Anthropic's Claude AI Teaches a Robot Dog New Tricks

In what feels like a significant, if inevitable, step toward our machine-assisted future, Anthropic announced on November 12, 2025, that its Claude AI can successfully program a robot dog. The experiment, dubbed Project Fetch, pitted two teams of researchers with zero robotics experience against each other in a race to program a Unitree Go2 quadruped. The twist? One team had Claude as a programming copilot, while the other was left to the primordial ooze of Stack Overflow and confusing documentation.

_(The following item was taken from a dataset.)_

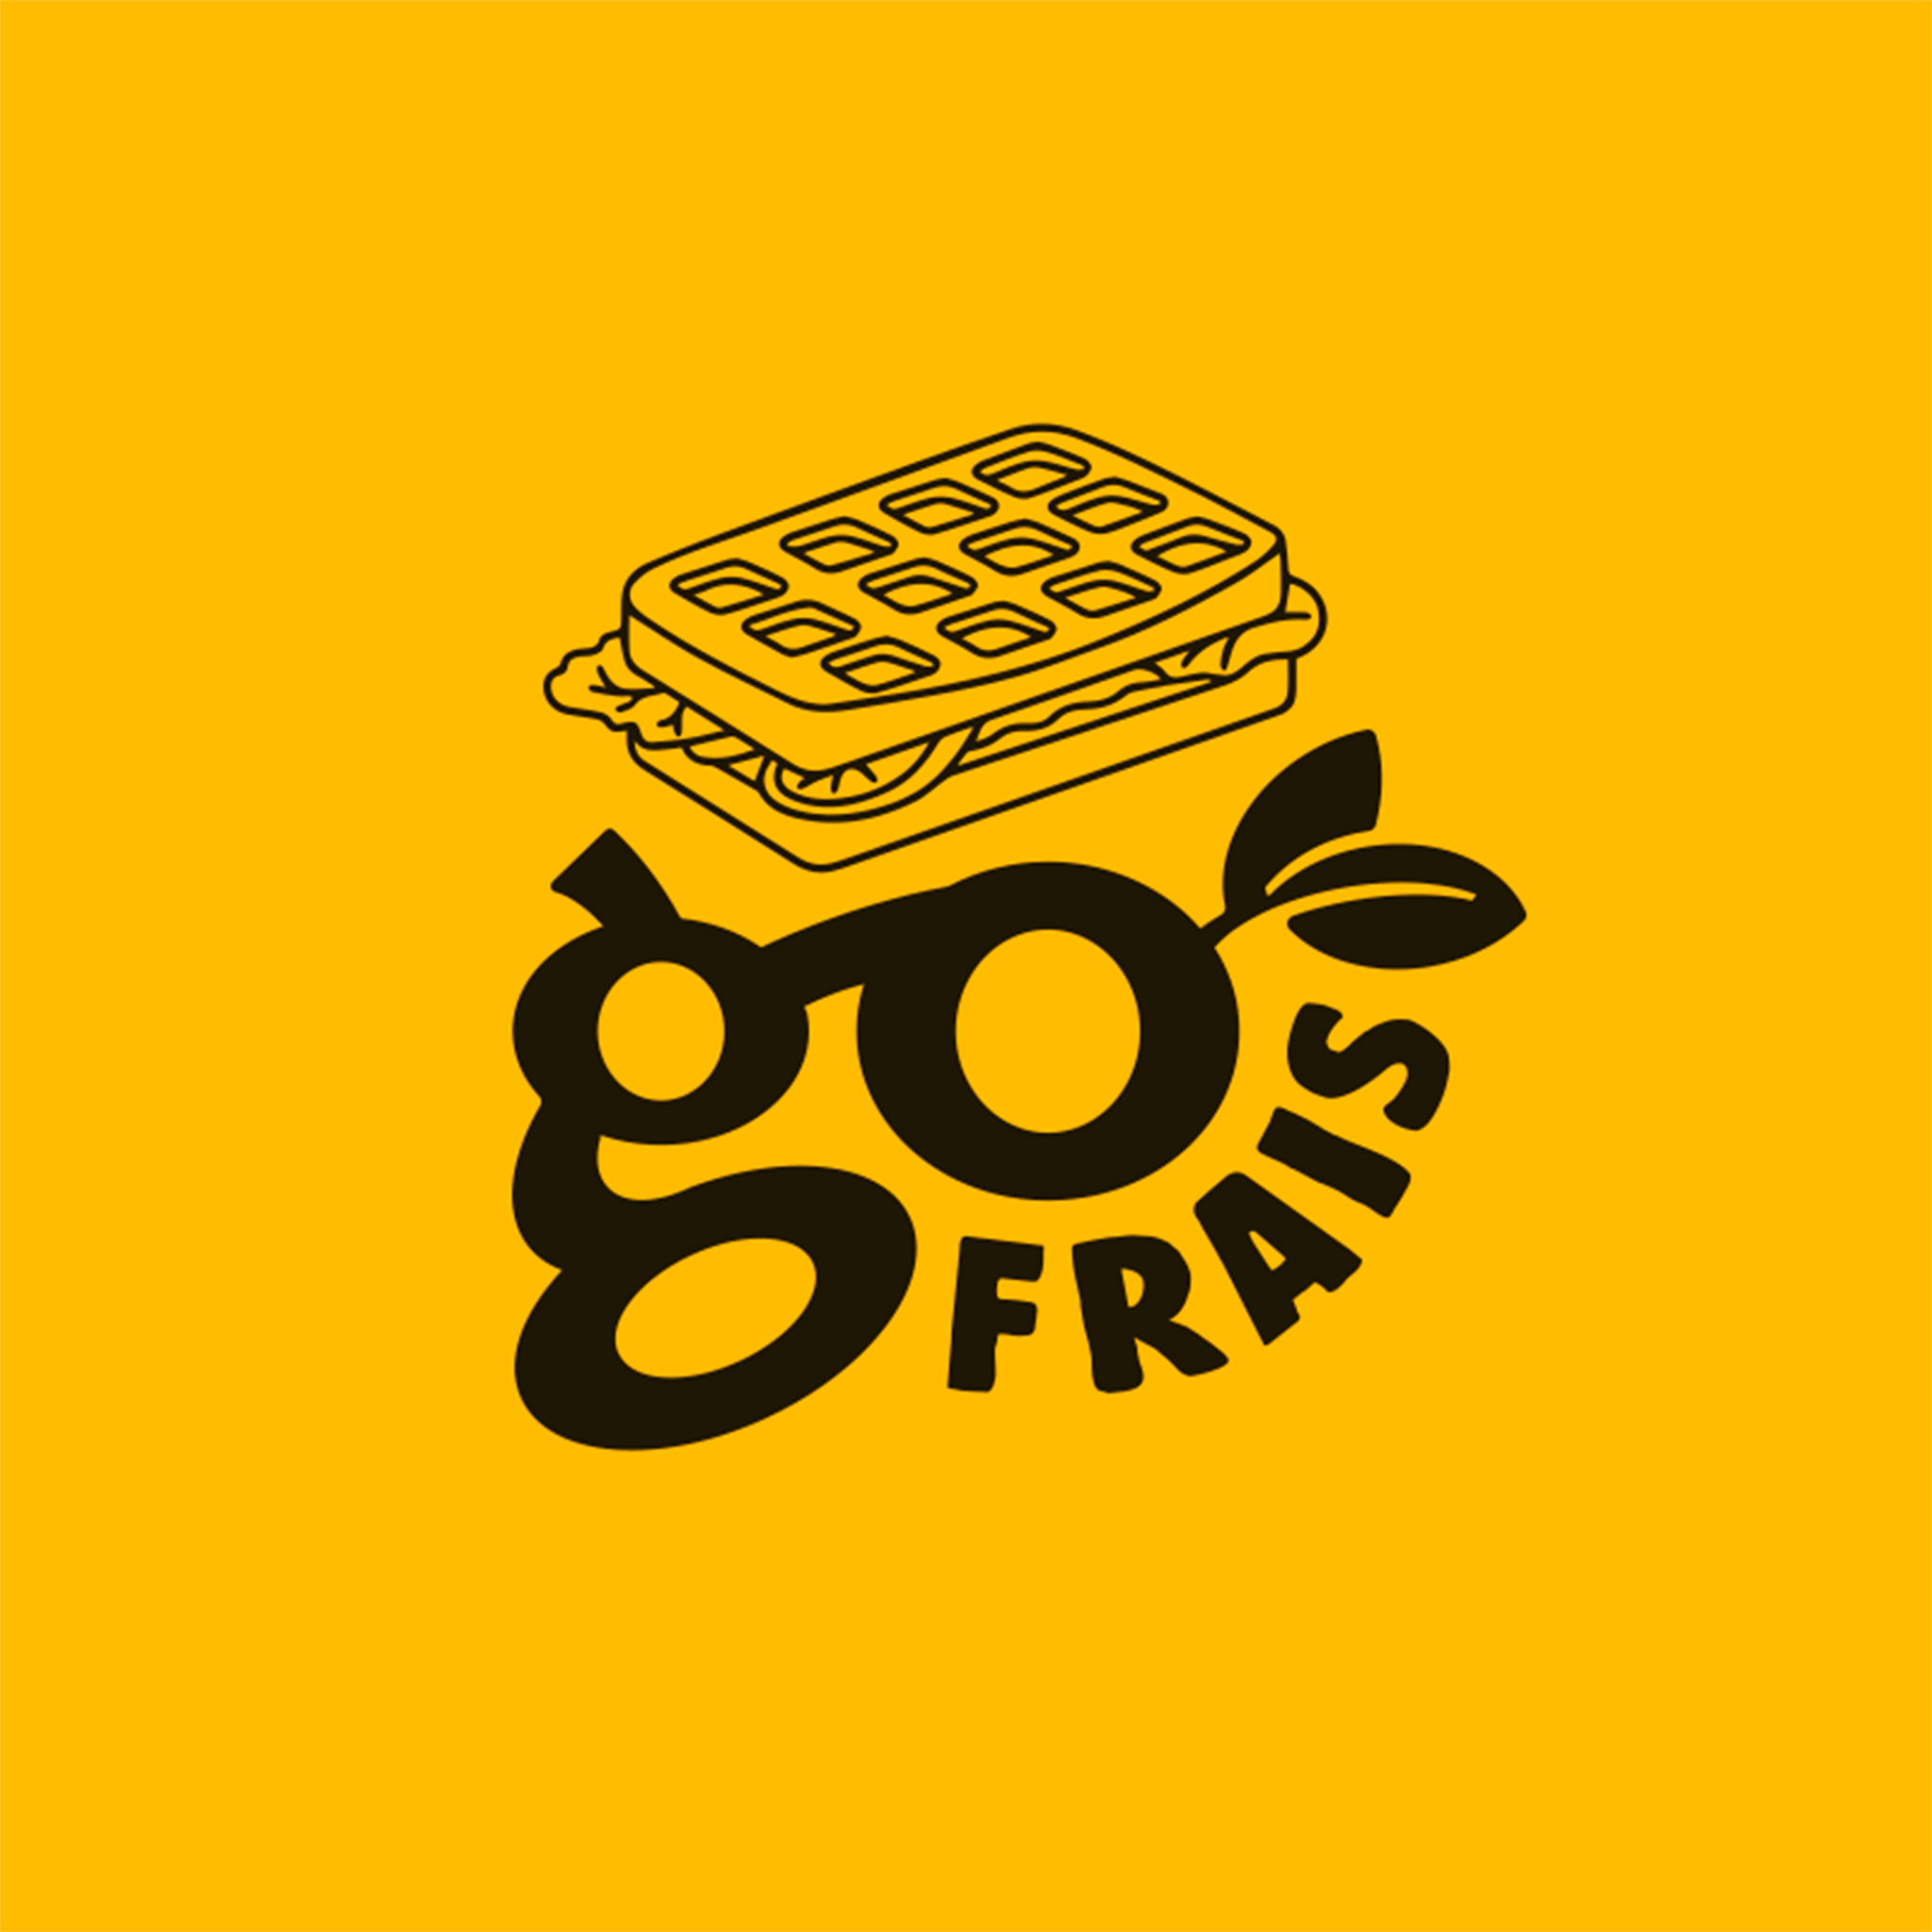 autograff-design-graphique-graphiste-toulouse-france-logo-go-frais-street-food-jaune

The results were, shall we say, decisive. The Claude-assisted team not only worked faster, completing their tasks in about half the time, but they were also the only ones to make meaningful headway on a fully autonomous ball retrieval task. According to Anthropic’s analysis of workspace audio transcripts, the team without AI assistance expressed significantly more “confusion and negative emotion,” which sounds disturbingly similar to most traditional software development projects. Claude was particularly useful in navigating conflicting online information and debugging the code needed to connect to the robot’s sensors.

Why is this important?

This isn’t just about teaching a $16,900 robot dog to play fetch. Project Fetch is a potent demonstration of how large language models are collapsing the barrier to entry for highly specialized fields like robotics. By translating high-level natural language commands into functional code, these AI systems can empower non-experts to develop and deploy robotic solutions, potentially accelerating innovation everywhere from logistics to manufacturing. More profoundly, this represents a crucial step in AI’s expansion from the digital realm into the physical world, a move that Anthropic, a company founded on the principles of AI safety, is watching with keen interest. Giving an AI the keys to a physical body is a big deal, and this experiment is as much about understanding the risks as it is about celebrating the results.